● TASK STATEMENT
The reply must contain exactly the lines below from the one with "導体永続バブルTHYMES タイムズ ハンドウォッシュ" down to the one with "Bridal Shower Decoration", both included, and nothing more; please omit the pictures.

● RECORDS SHOWN
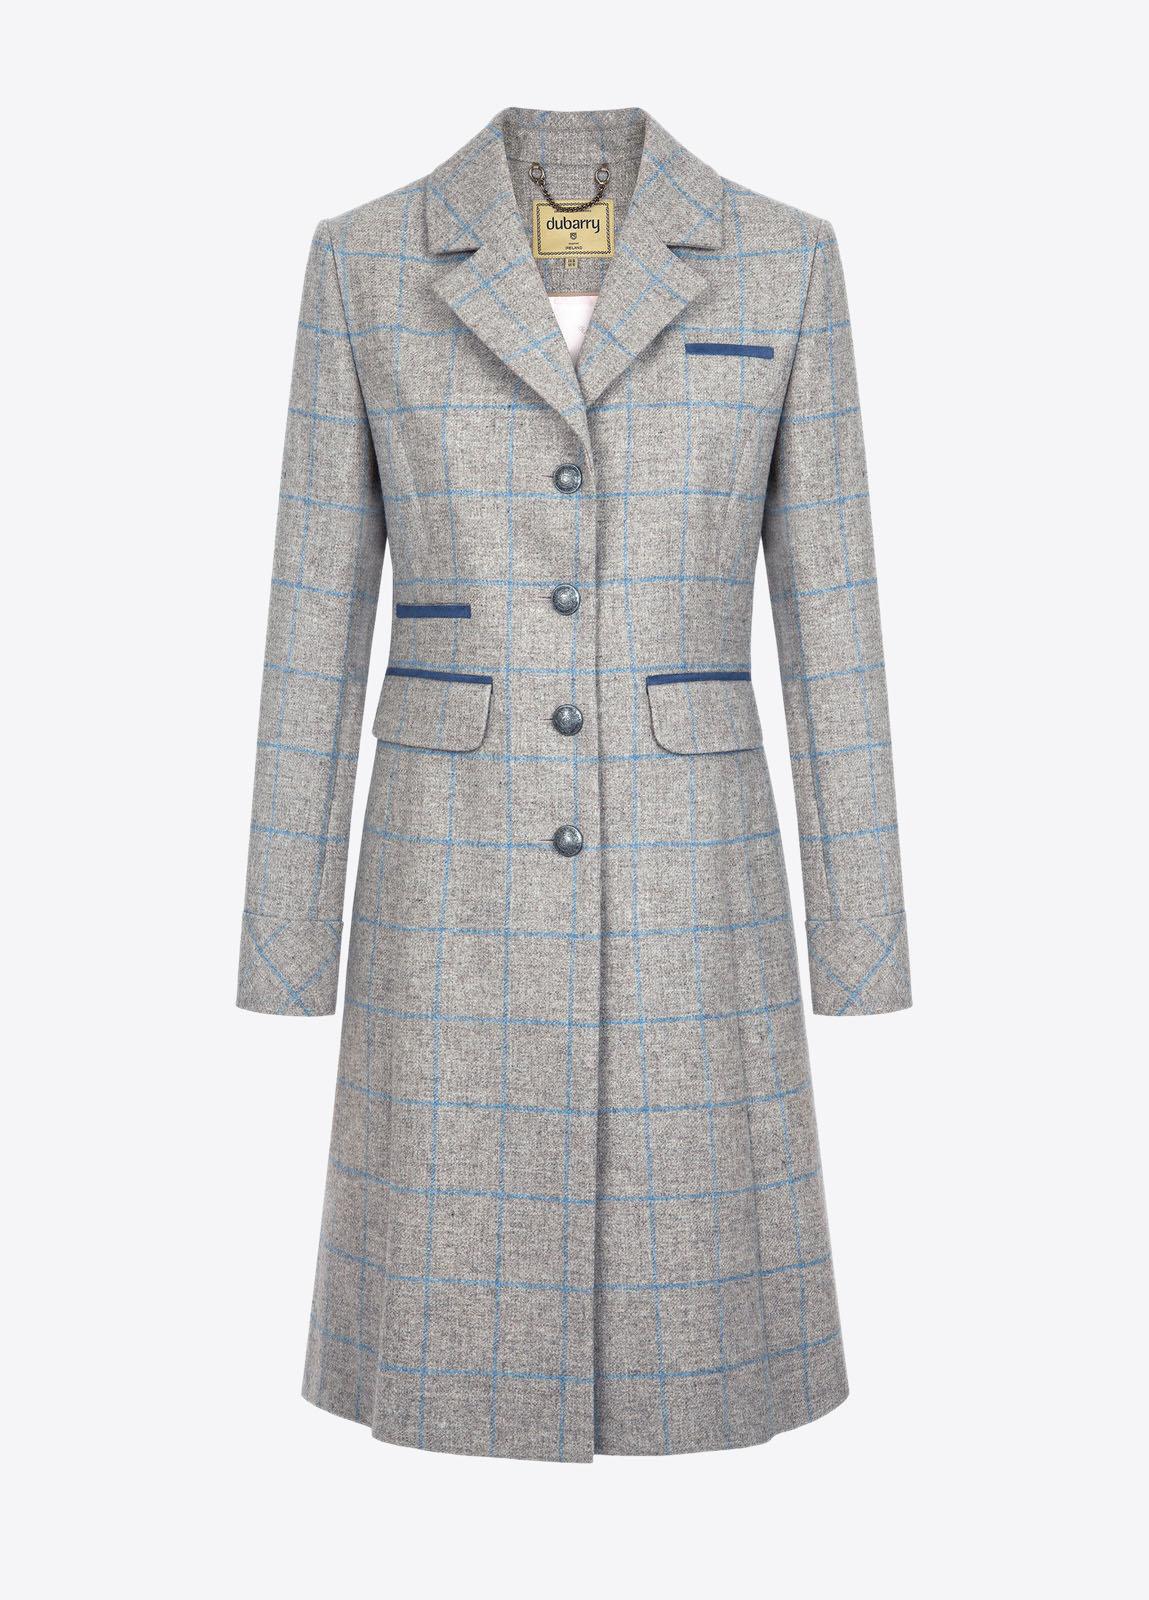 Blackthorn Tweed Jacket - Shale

---

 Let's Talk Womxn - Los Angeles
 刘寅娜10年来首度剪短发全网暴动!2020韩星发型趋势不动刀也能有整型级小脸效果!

* * *

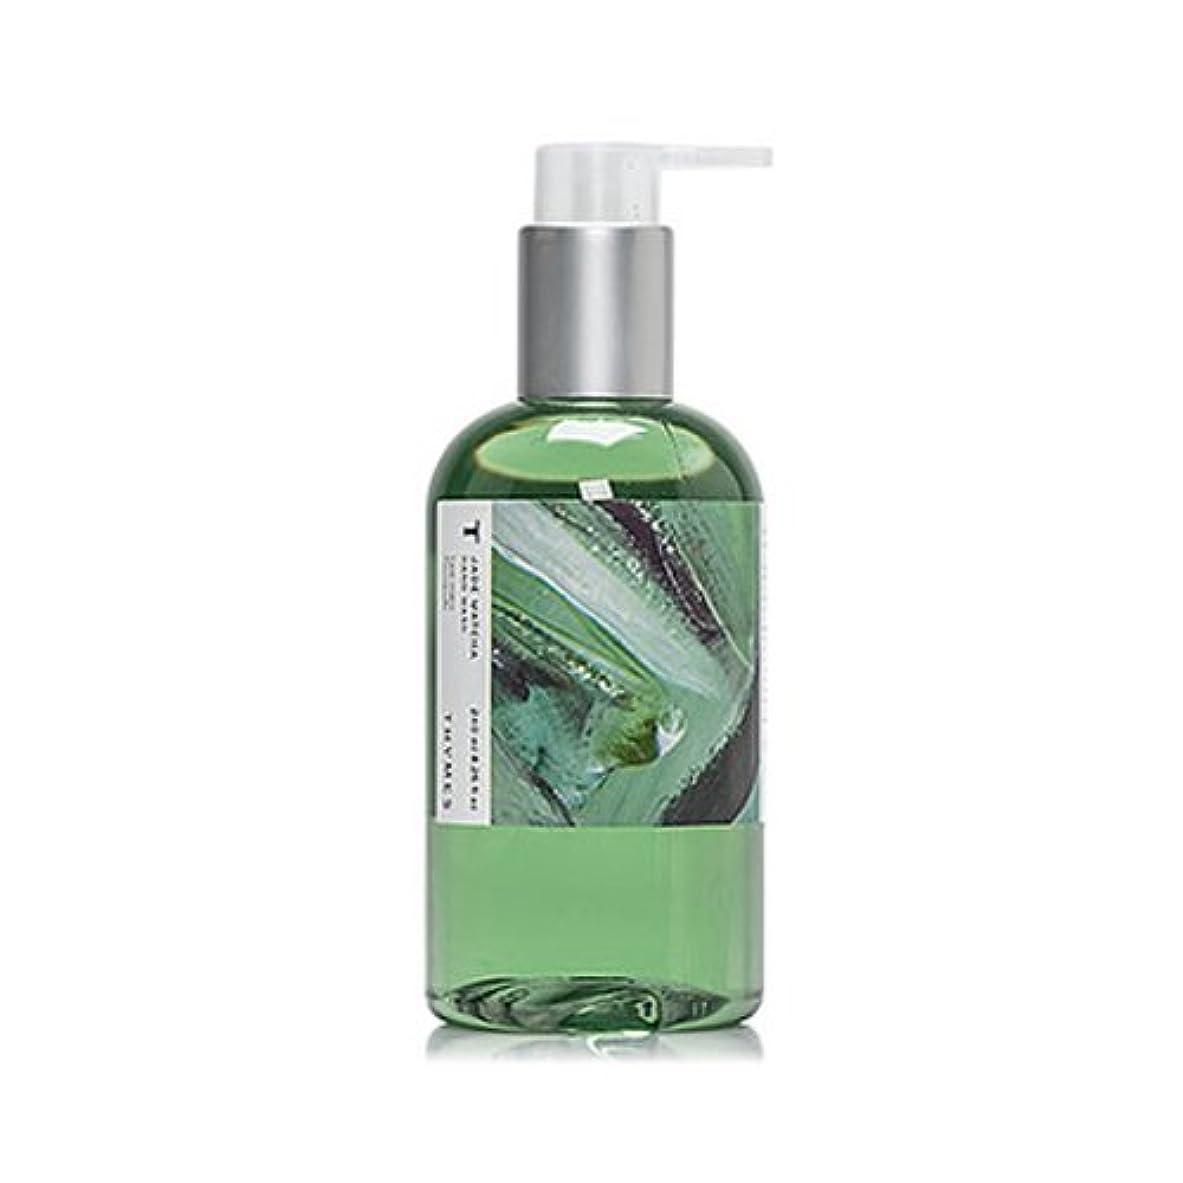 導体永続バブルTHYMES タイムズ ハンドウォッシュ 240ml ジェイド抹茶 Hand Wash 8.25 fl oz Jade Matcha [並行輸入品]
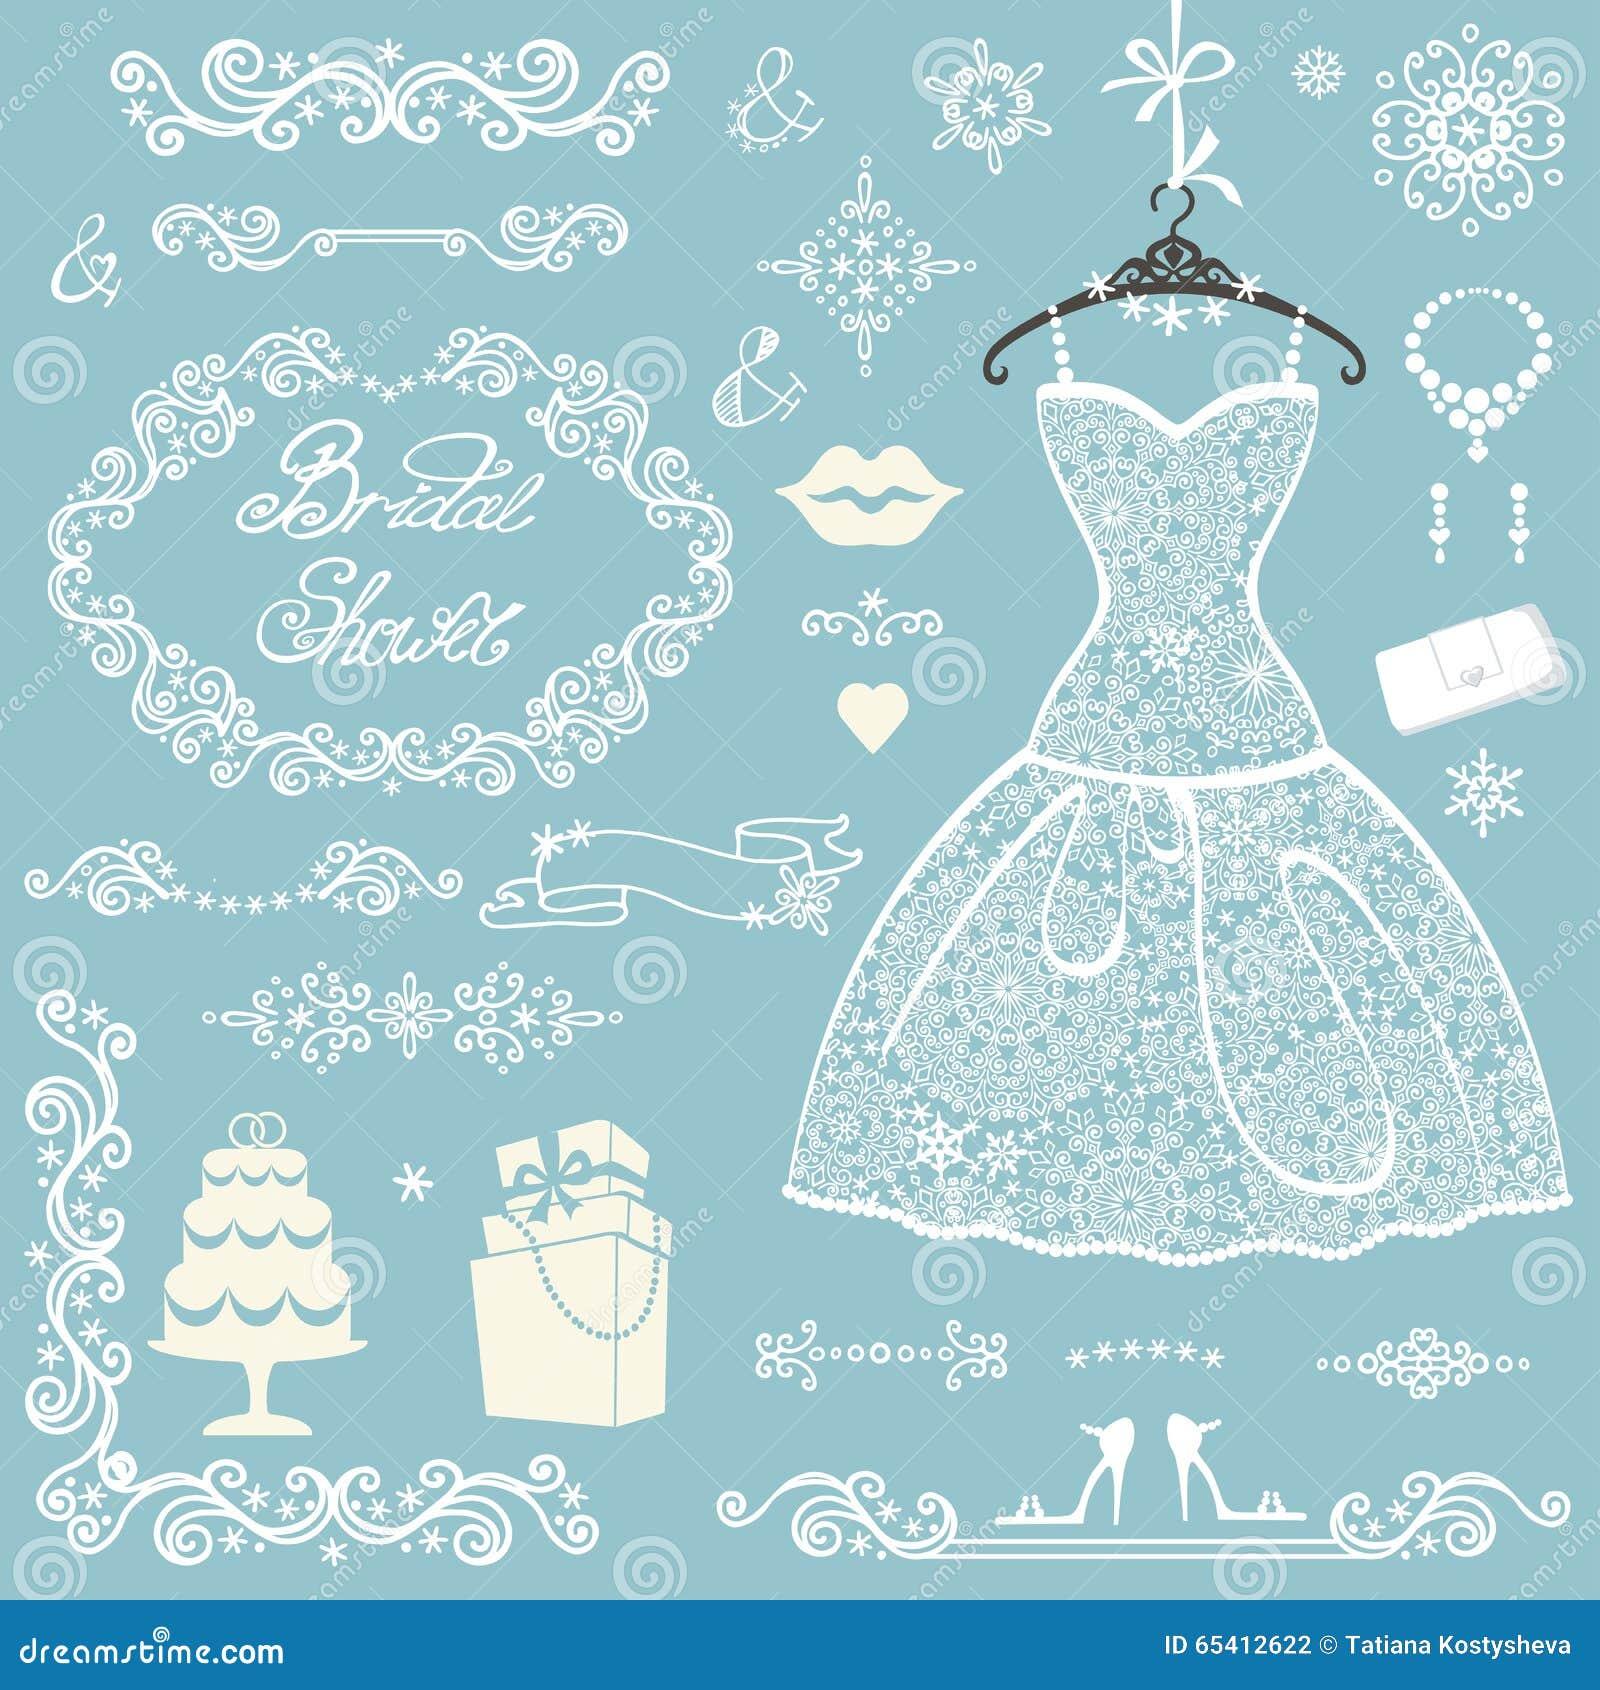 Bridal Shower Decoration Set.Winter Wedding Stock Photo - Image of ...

● WRITTEN SOLUTION
 導体永続バブルTHYMES タイムズ ハンドウォッシュ 240ml ジェイド抹茶 Hand Wash 8.25 fl oz Jade Matcha [並行輸入品]
 Bridal Shower Decoration Set.Winter Wedding Stock Photo - Image of ...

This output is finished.